* _Requirement_
Write out every line below again exactly as it stands, skipping each image.

* _Material provided_

***

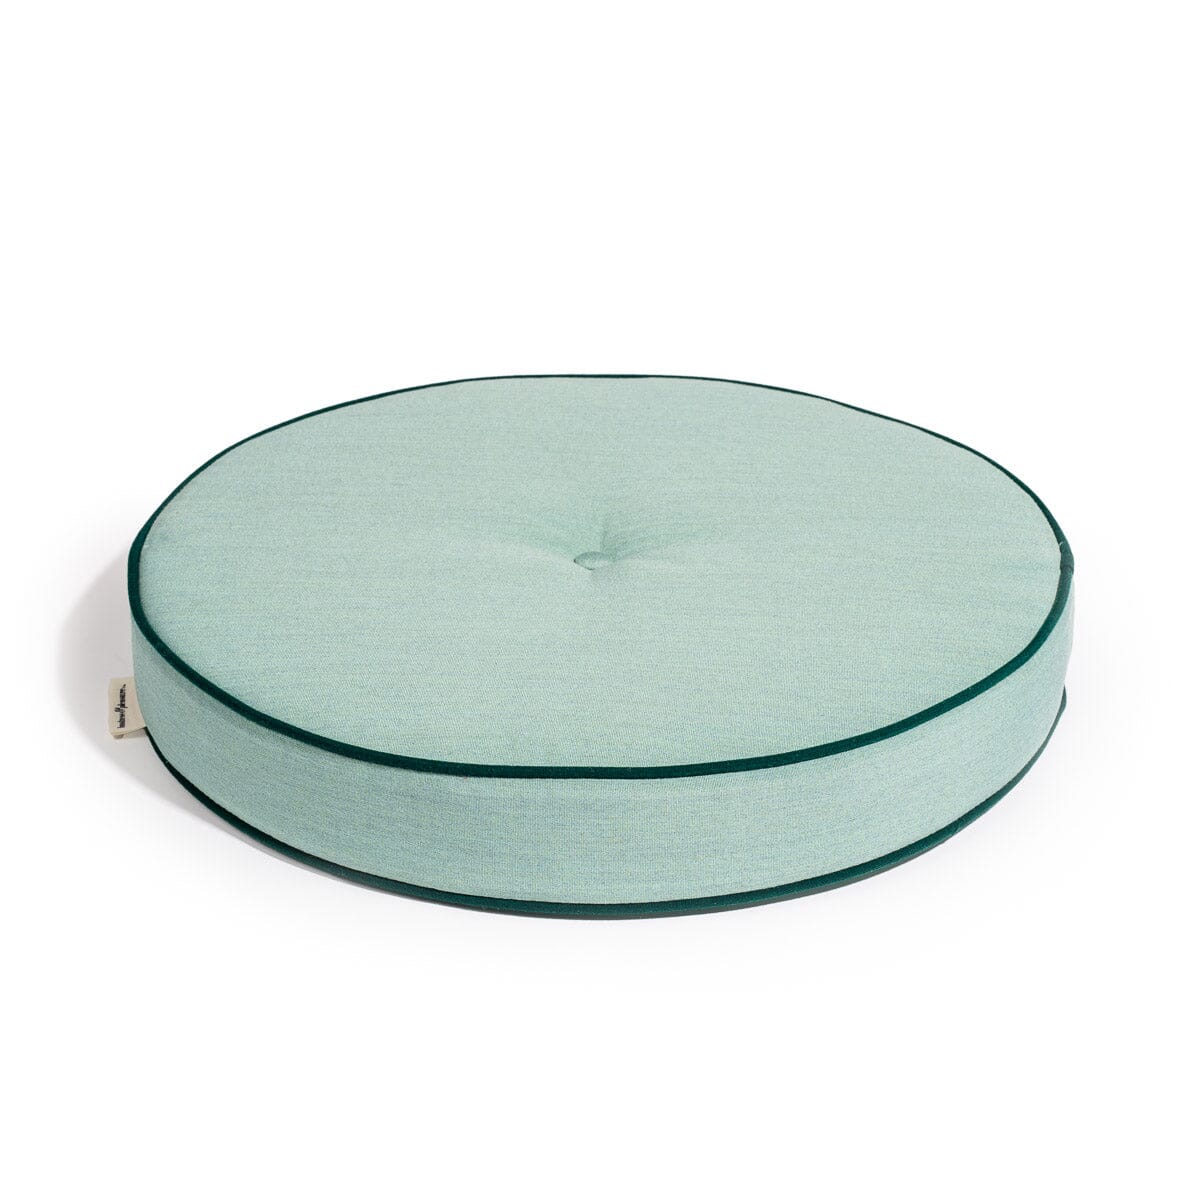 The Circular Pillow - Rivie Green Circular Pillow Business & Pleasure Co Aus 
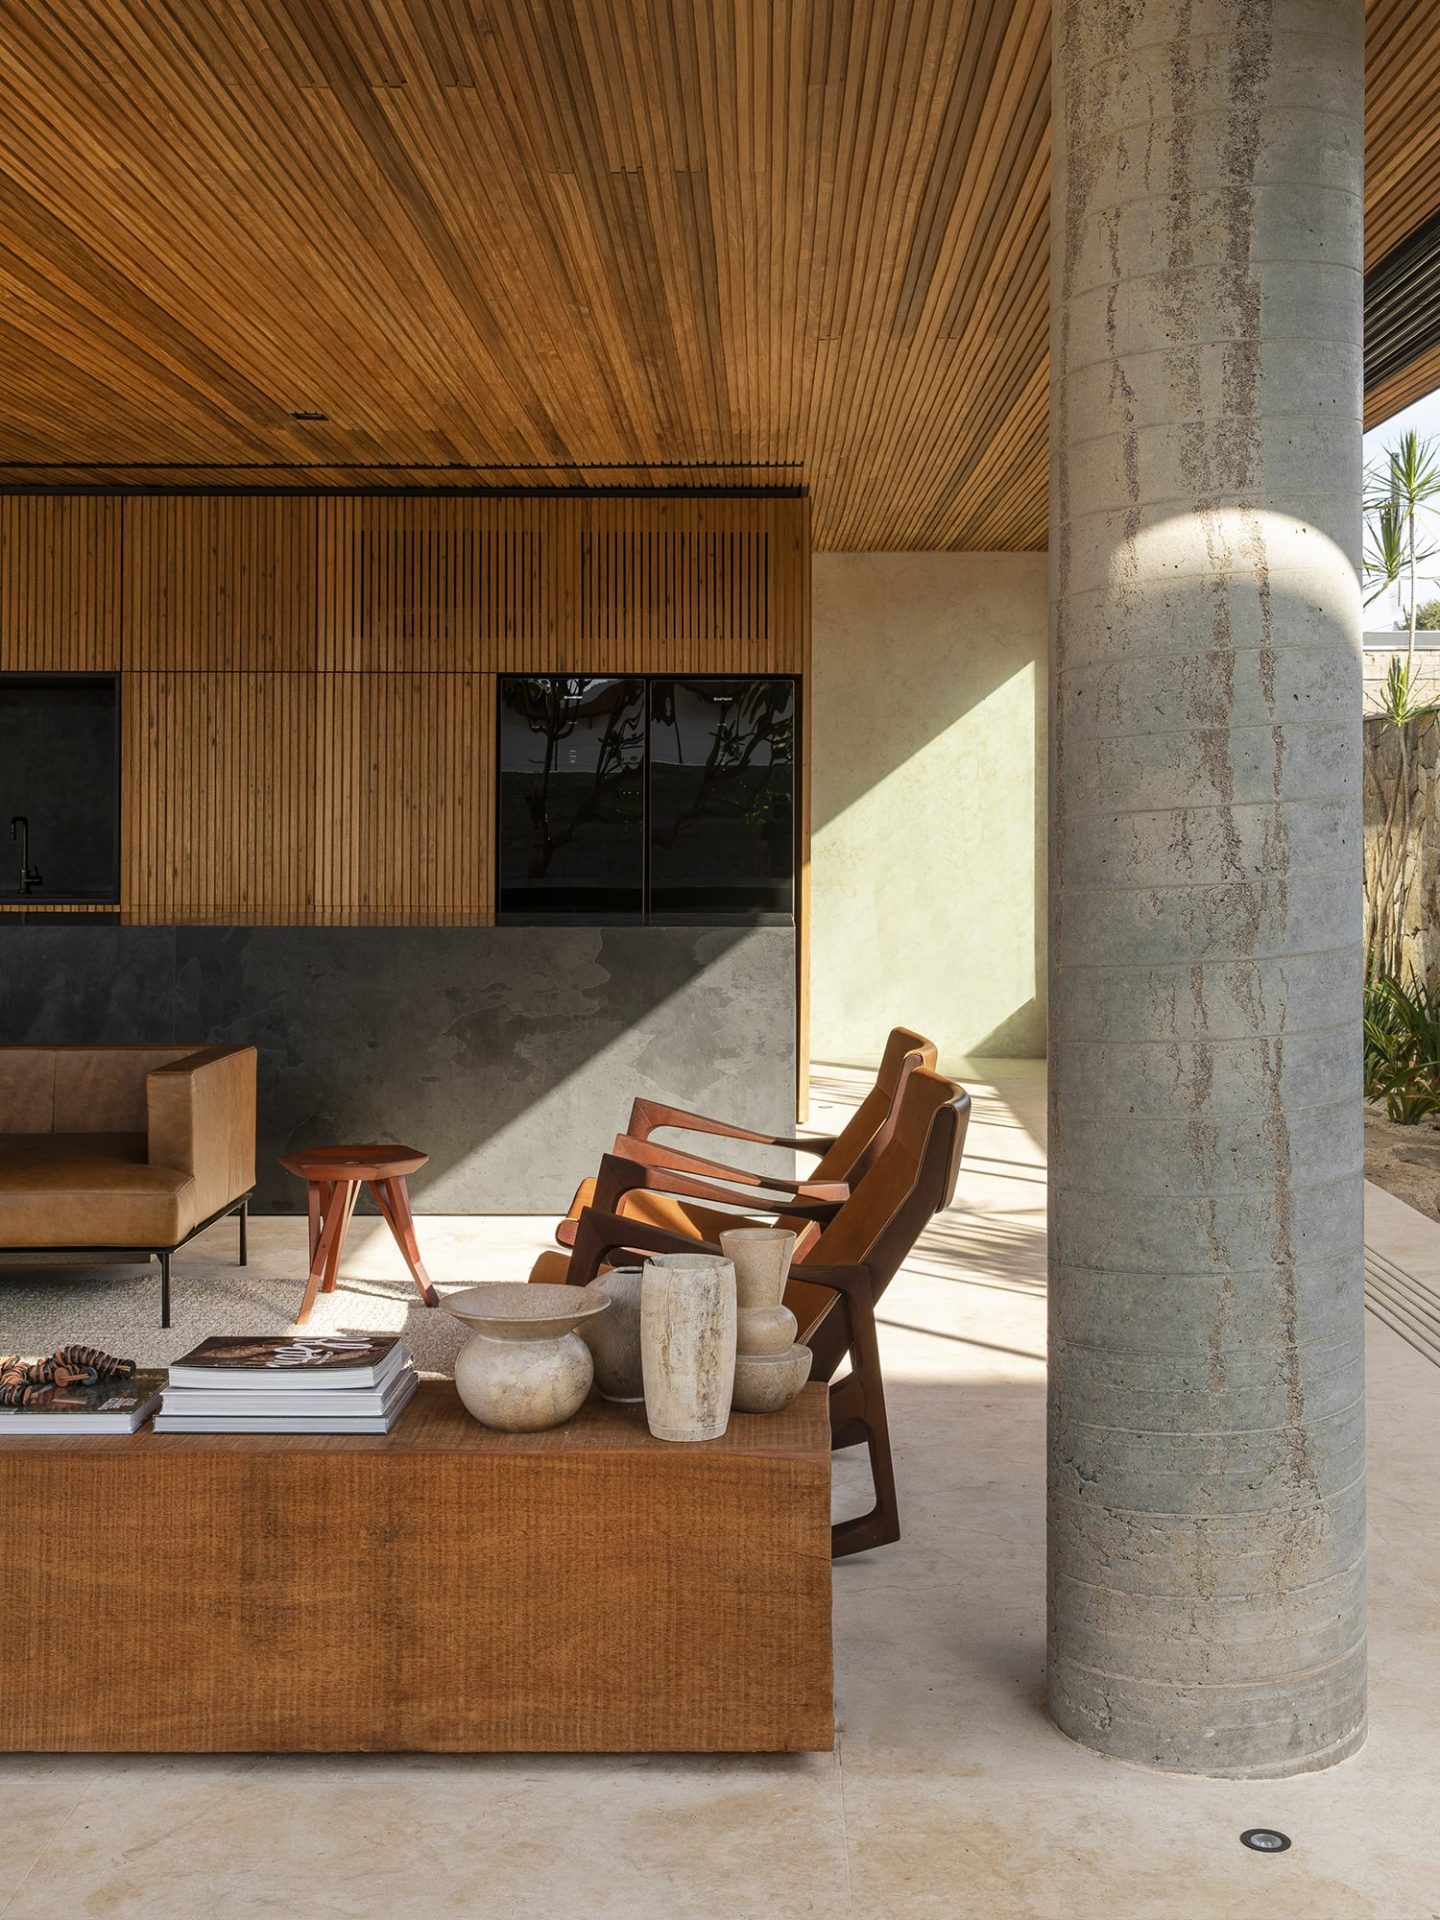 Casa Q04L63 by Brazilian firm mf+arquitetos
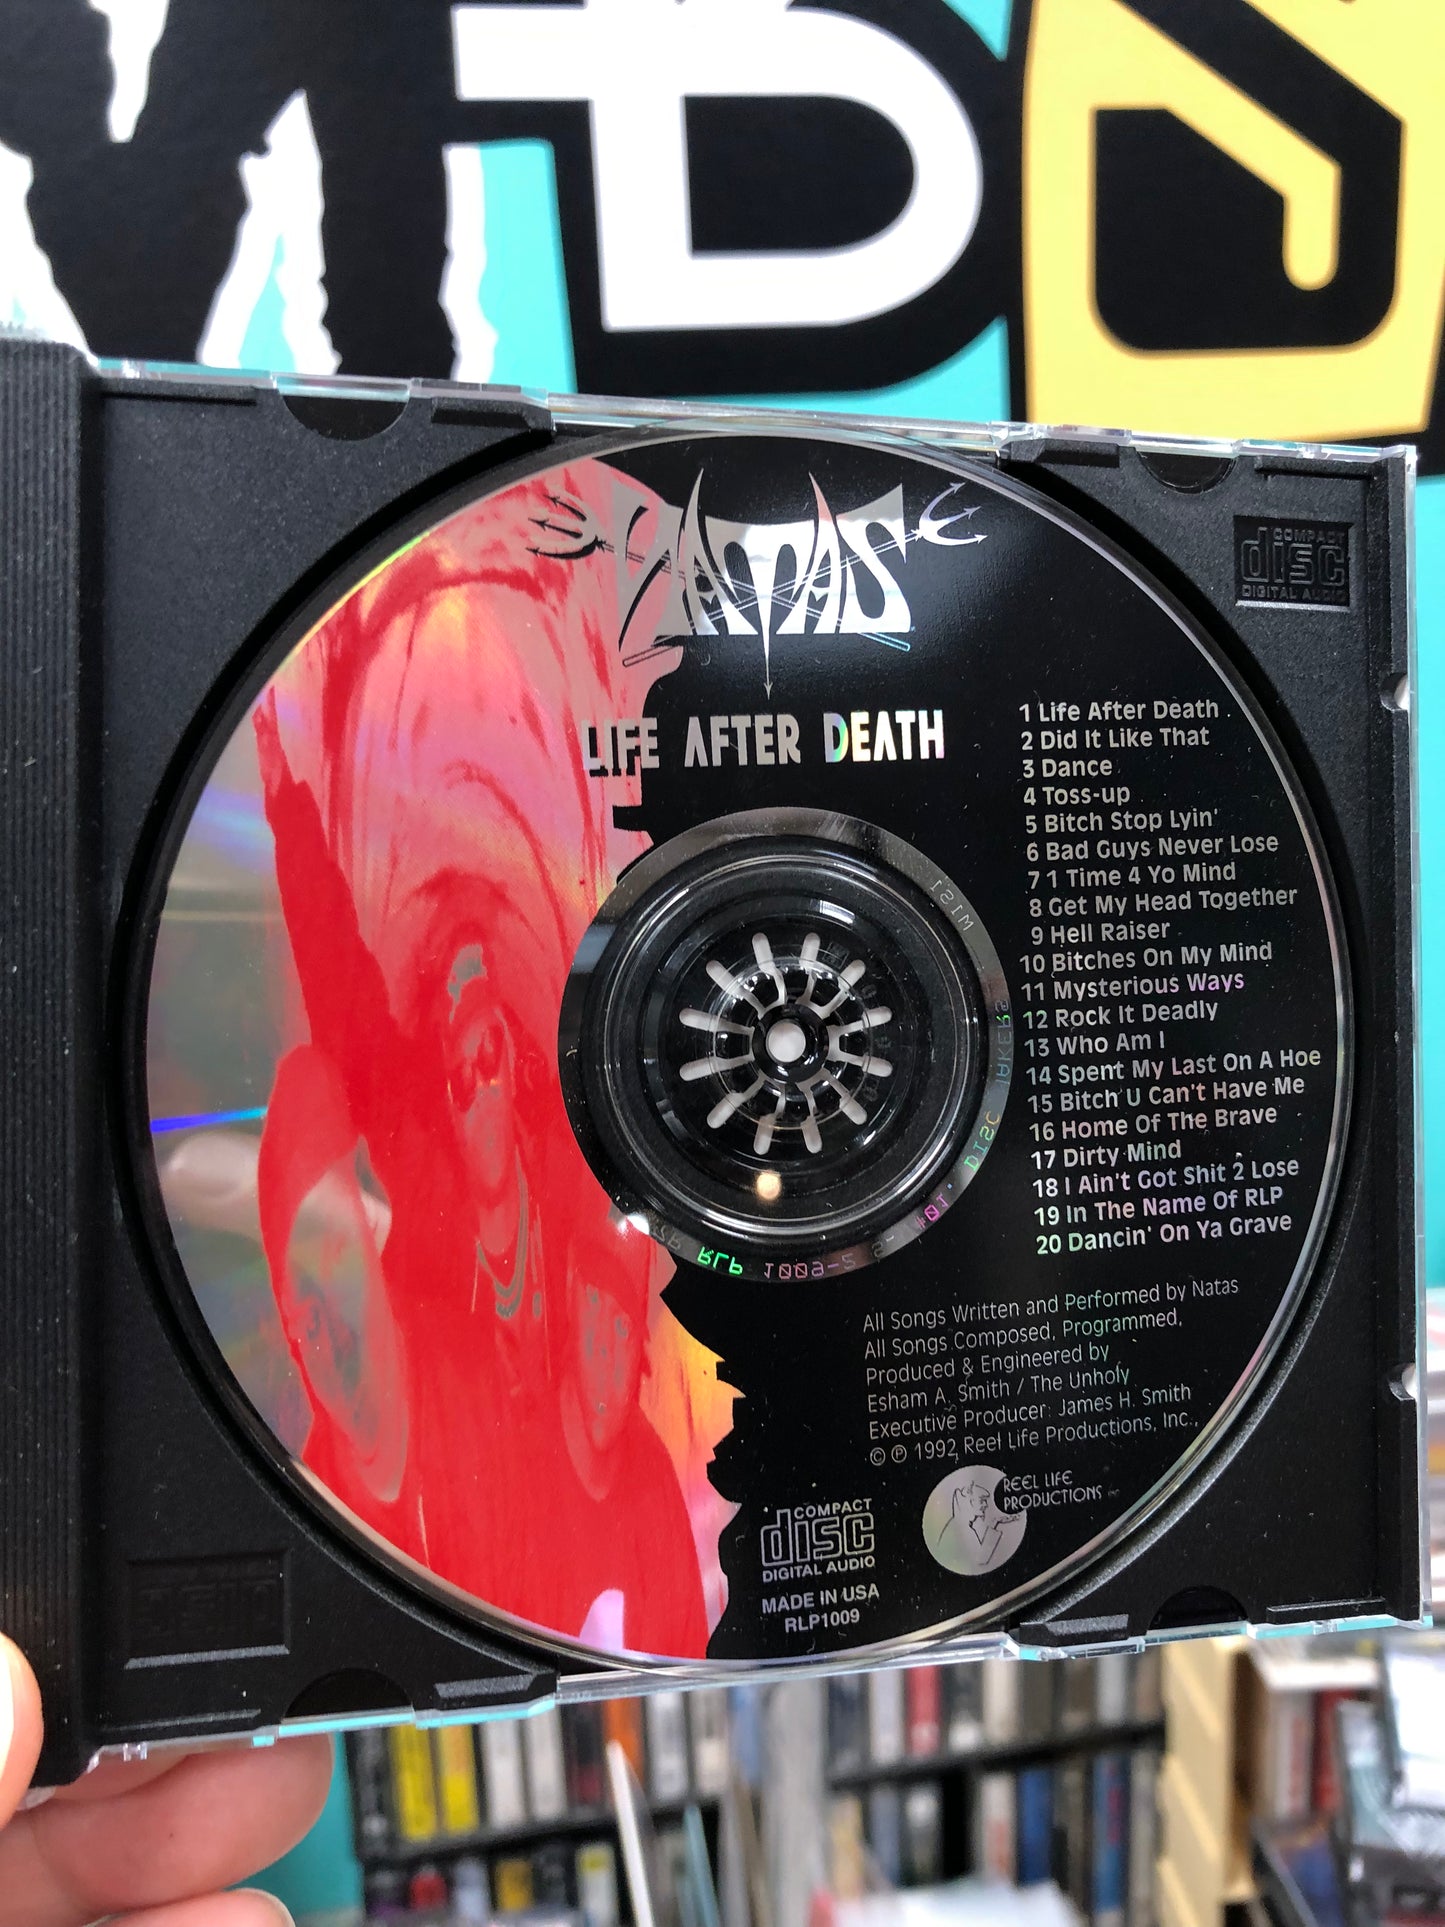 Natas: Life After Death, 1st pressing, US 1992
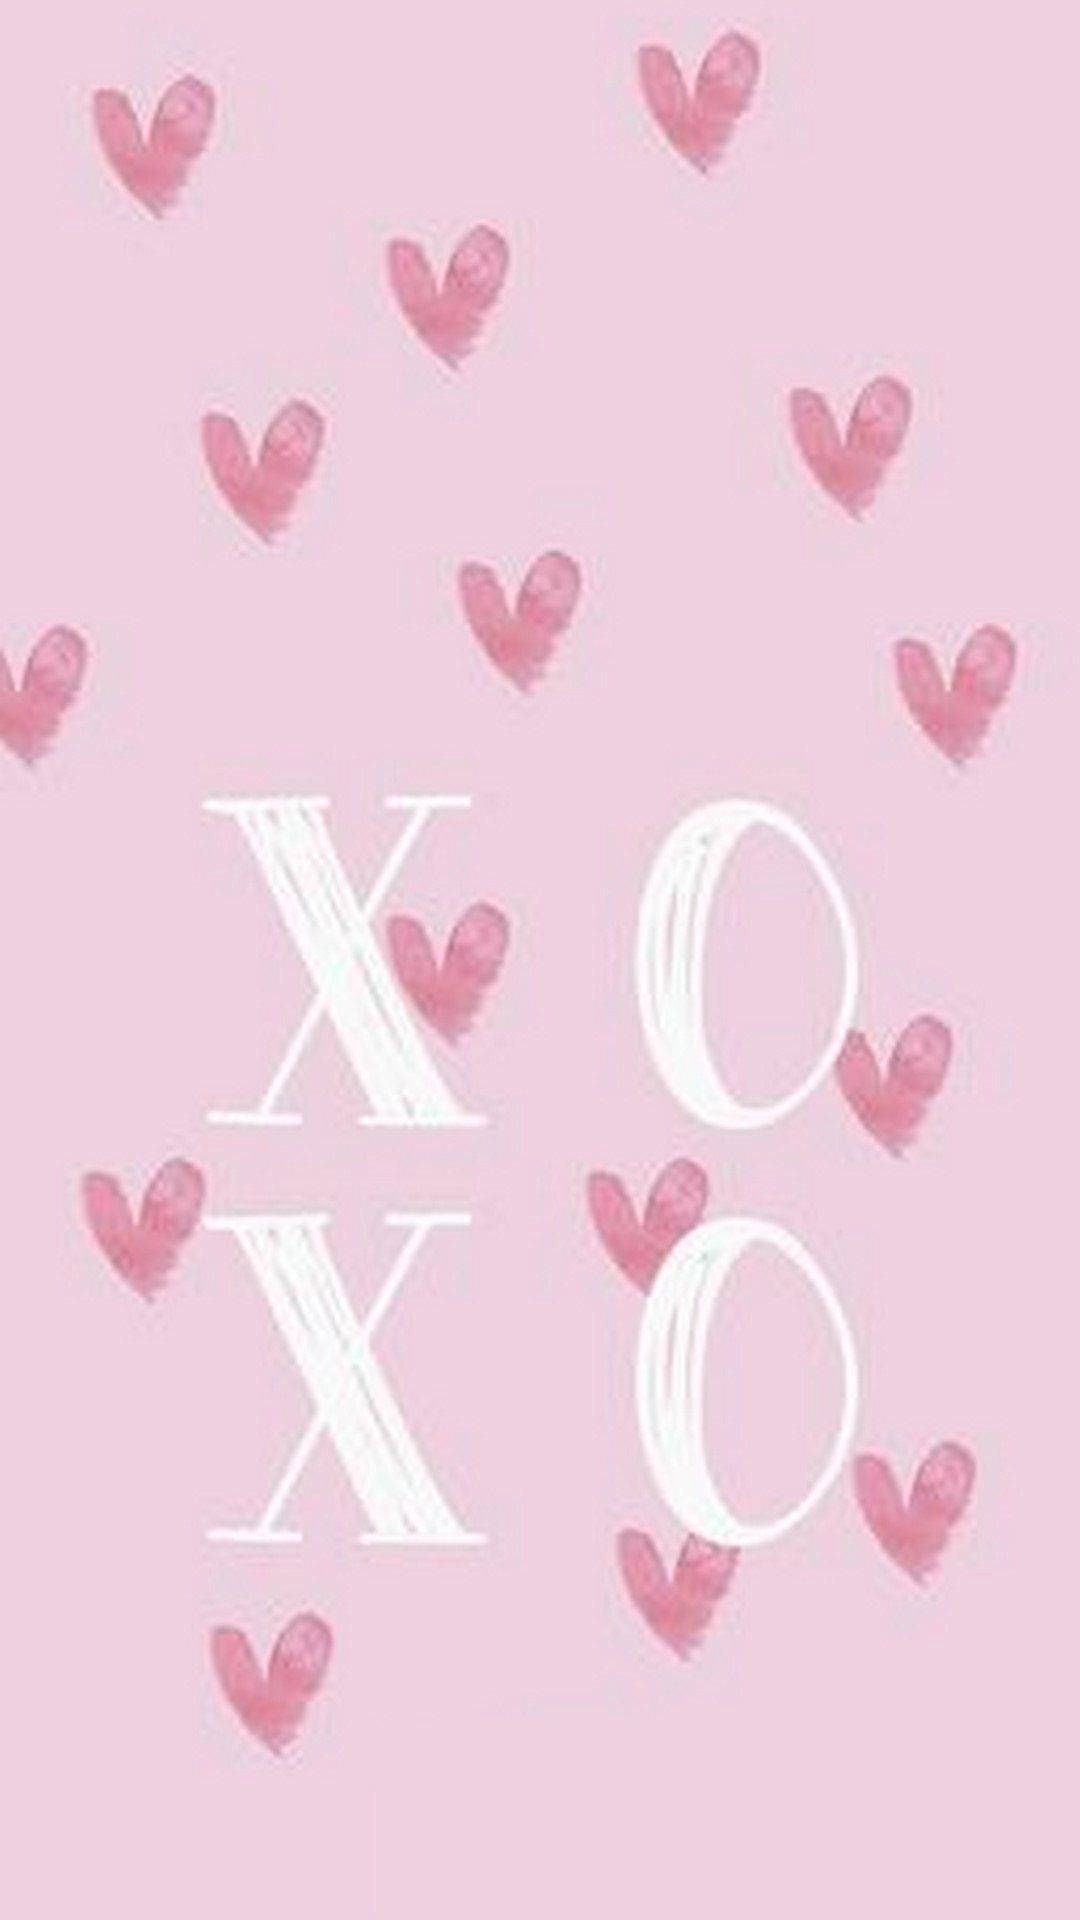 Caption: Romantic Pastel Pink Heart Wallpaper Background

***

* _Response below_
 The Circular Pillow - Rivie Green Circular Pillow Business & Pleasure Co Aus 
 Casa Q04L63 by Brazilian firm mf+arquitetos
 Natas: Life After Death, 1st pressing, US 1992
 Caption: Romantic Pastel Pink Heart Wallpaper Background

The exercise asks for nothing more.